To our knowledge, GROUND-Train is the first multi-view dataset with diverse annotations — including action segmentation, pose, and bounding boxes — for studying multi-person collaborative instructional activities, offering a valuable benchmark for robotics and computer vision.
GROUND-Eval
GROUND-Eval provides an independent evaluation subset, recorded and annotated in a different environment than GROUND-Train, with two persons and a robot in tabletop scenarios captured from the robot's perspective (1024 × 768 RGB frames). It contains 16 recordings spanning three collaboration scenarios:
- Sorting Fruits (sf) — a banana, two apples, and an orange are sorted into a bowl or onto a plate (8 recordings).
- Pouring (po) — a bottle is used to pour liquid into one of several cups (4 recordings).
- Handover (ha) — participants hand various items to each other around the table (4 recordings).
Each scenario is repeated two times in different constellations, where a constellation specifies how many persons (and whether the robot) take part:
| Constellation | Description |
|---|---|
|
1P |
1 person performs actions alone |
| 2P | 2 people perform actions independently or interact |
| 1P+R | 1 person and the robot perform actions independently or interact |
| 2P+R | 2 people and the robot perform actions independently or interact |
Each Eval frame is annotated with:
- The full scene image.
- A cropped image of each person instance acting in the scene, labeled by ID.
- Sample images of object instances appearing in the scene, labeled by ID.
- A full event description: person ID, action label, whether the robot interacts with the acting person, object ID, and — if applicable — the spatial relation between two objects participating in the action.
Atomic actions observed in GROUND-Eval include idle, grasp, hold, place_down, pour, and handover.
Data Structure
GROUND-Train (multi-view, third-person, 4 cameras):
Train/
├── videos/
│ ├── C1/ P<id>_T*_V*_C1.mp4 (198 videos)
│ ├── C2/ P<id>_T*_V*_C2.mp4 (198 videos)
│ ├── C3/ P<id>_T*_V*_C3.mp4 (198 videos)
│ └── C4/ P<id>_T*_V*_C4.mp4 (198 videos)
├── box_annotations/ # 792 JSON files
│ └── P<id>_T*_V*_C*.json
└── action_annotations/ # 198 .xlsm files
└── P<id>_T*_V*.xlsm
Each video is named P<subjectID>_T<trial>_V<version>_C<camera>.mp4. The same T_V index is shared across the four cameras, so the four C1–C4 files form temporally synchronized views of one session.

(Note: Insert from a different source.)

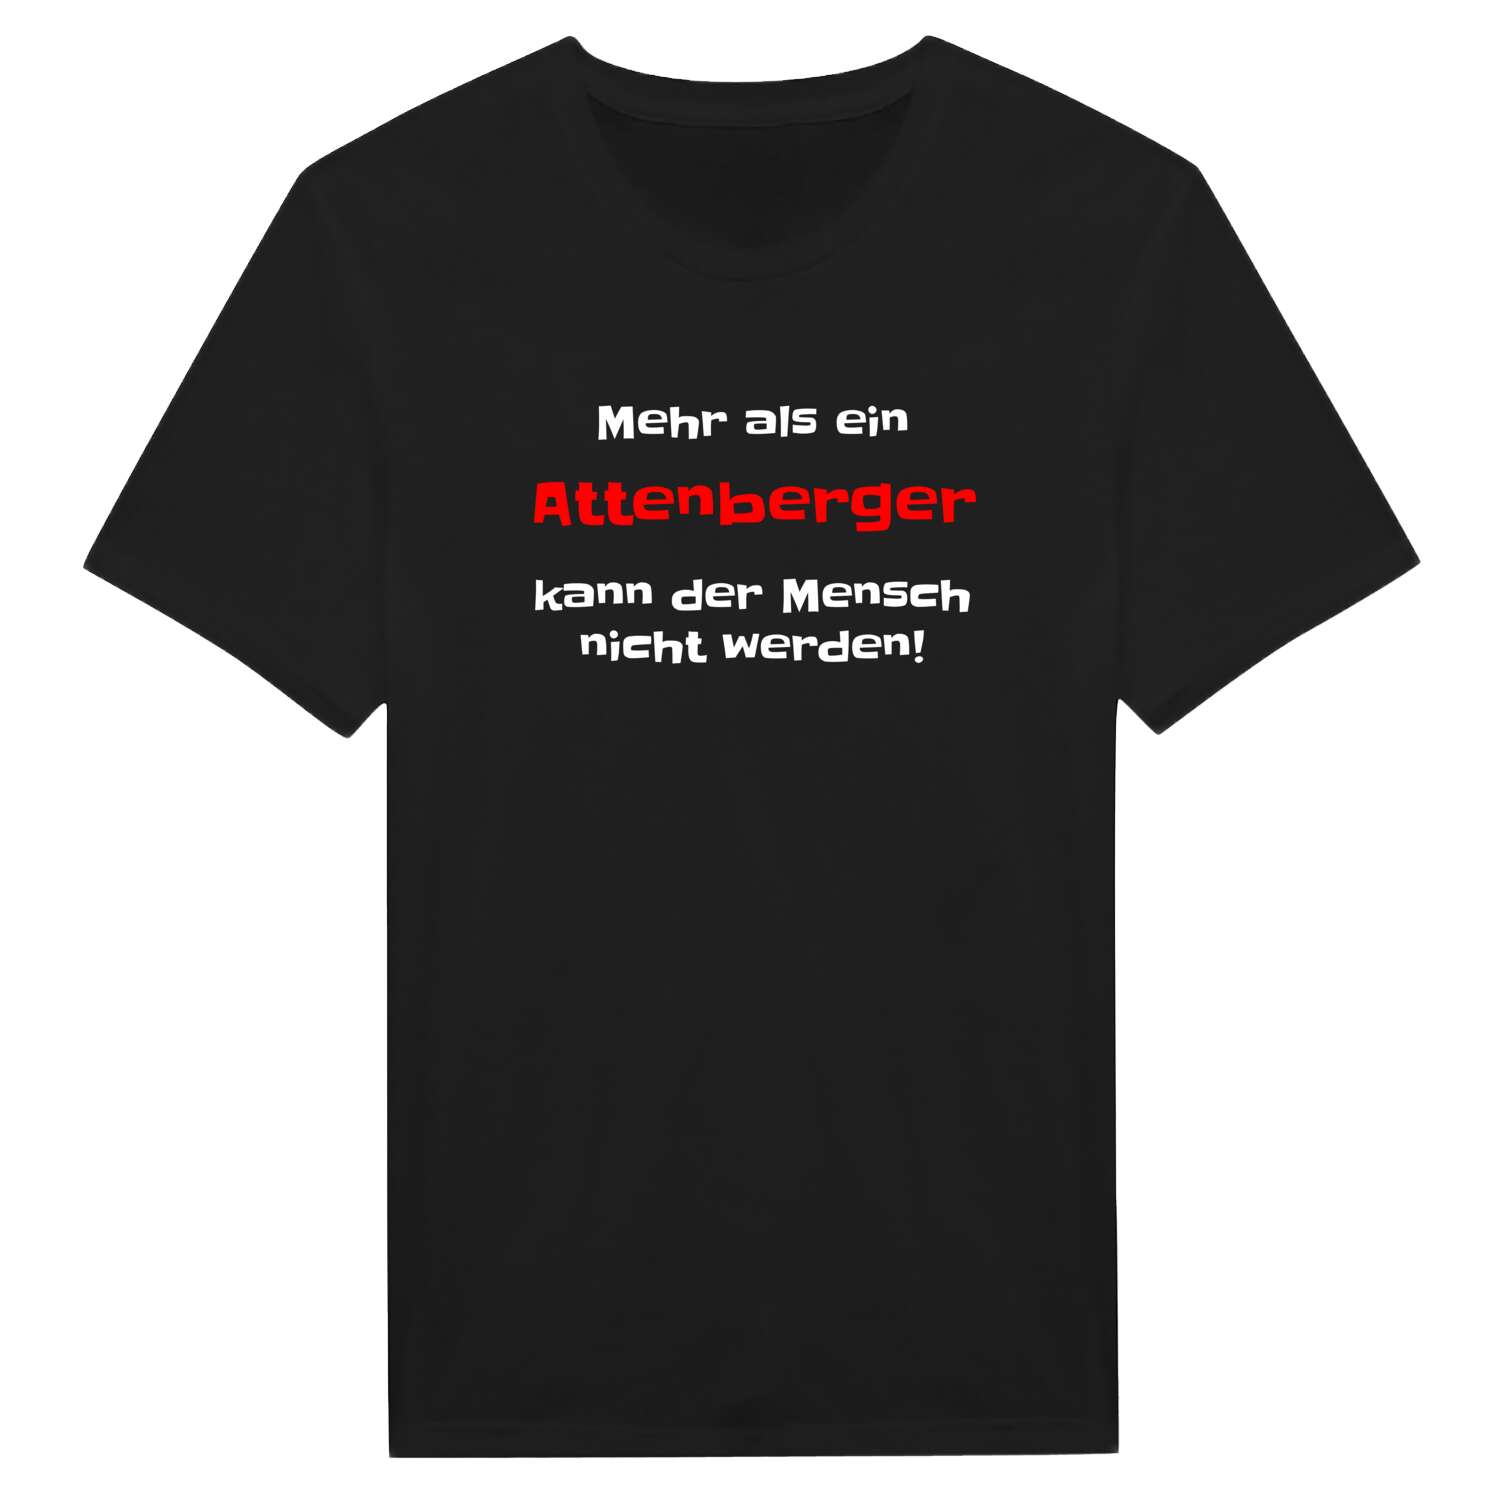 Attenberg T-Shirt »Mehr als ein«

GROUND-Eval (from the robot's perspective, tabletop):
Eval/
└── scene_<id>_<type>/ # 16 scenes (sf / po / ha × constellations)

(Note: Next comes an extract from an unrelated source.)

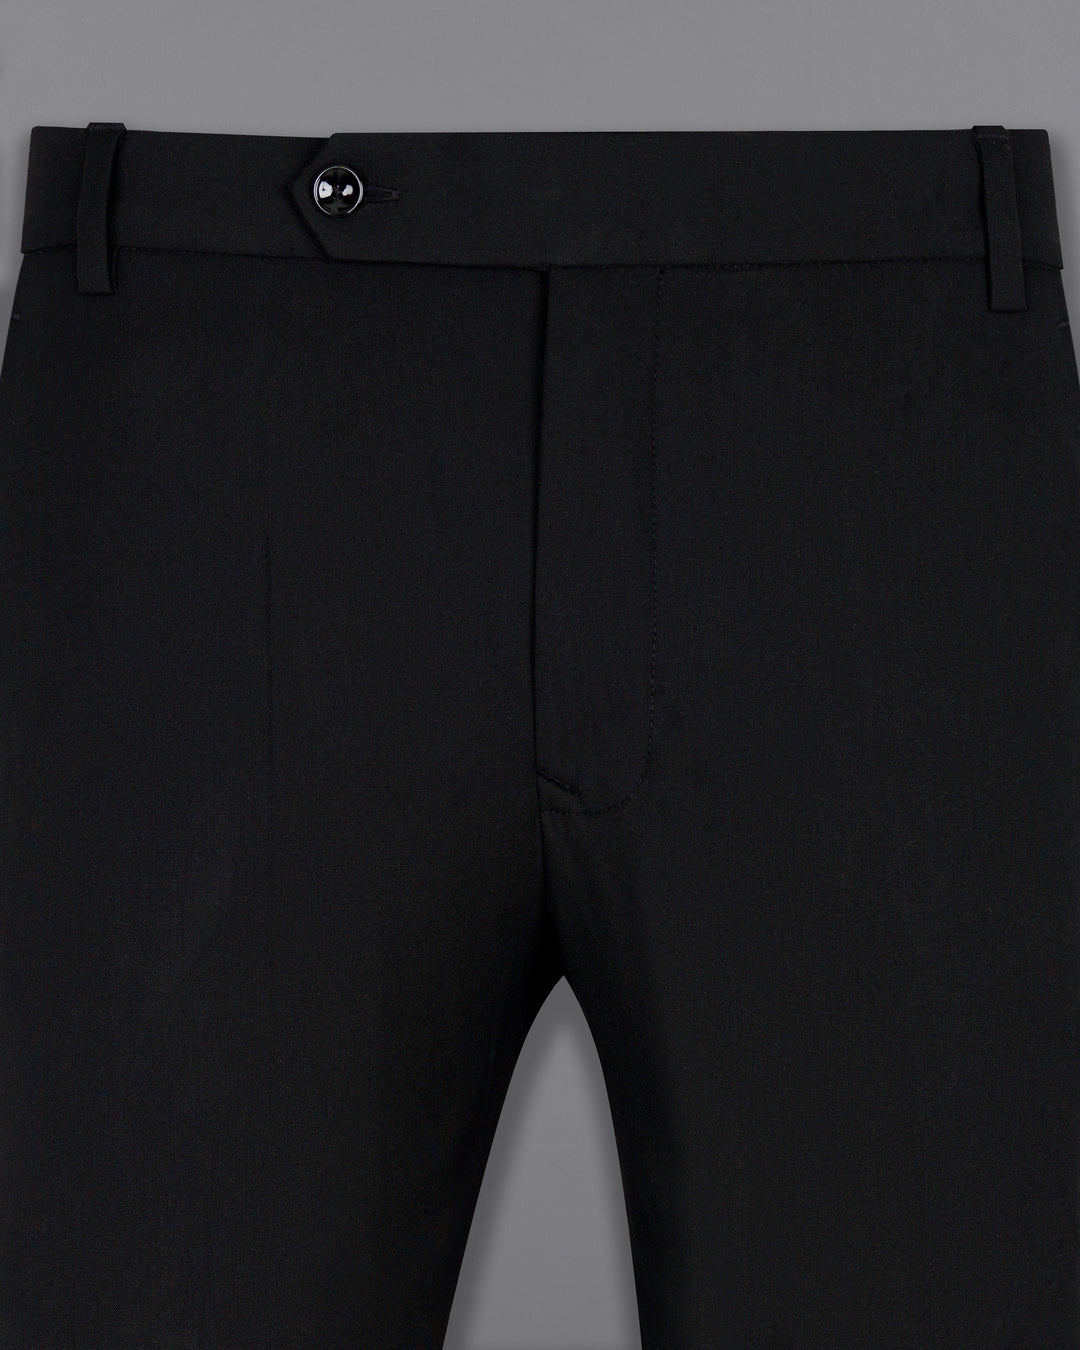 Wool-blend trousers Slim Fit - Dark grey/Checked - Men | H&M

├── images/ # RGB frames (1024 × 768)
├── object_images/ # Object reference crops, labeled by ID
├── person_images/ # Participant reference crops, labeled by ID
└── ground_truth.json # Event timeline, indexed by person ID then timestamp
ground_truth.json is indexed first by person ID (one top-level key per participant in the scene, two for 2P scenes) and then by timestamp, with a list of events per timestamp:
{
"<person_id>": {
"<timestamp>": [
{ "object": "object_2", "action": "grasp",
"robot_interaction": false, "on": "" }
]
}
}
Within each event, object and on reference the per-scene object identities provided in object_images/, action is one of the atomic actions listed above, and robot_interaction flags whether the robot is interacting with the acting person.
Citation
This dataset corresponds to "MERGE: Guided Vision-Language Models for Multi-Actor Event Reasoning and Grounding in Human–Robot Interaction," published at the IEEE International Conference on Robotics and Automation (ICRA) 2026.
@inproceedings{deigmoeller2026merge,
title = {MERGE: Guided Vision-Language Models for Multi-Actor Event Reasoning
and Grounding in Human--Robot Interaction},
author = {Deigmoeller, Joerg and Agarwal, Nakul and Hasler, Stephan and
Tanneberg, Daniel and Belardinelli, Anna and Ghoddoosian, Reza and
Wang, Chao and Ocker, Felix and Zhang, Fan and Dariush, Behzad and
Gienger, Michael},
booktitle = {IEEE International Conference on Robotics and Automation (ICRA)},
year = {2026}
}
Access & License
The dataset is available for non-commercial research purposes. Requesters must be affiliated with a university and use institutional email credentials. Submit requests via the official download form.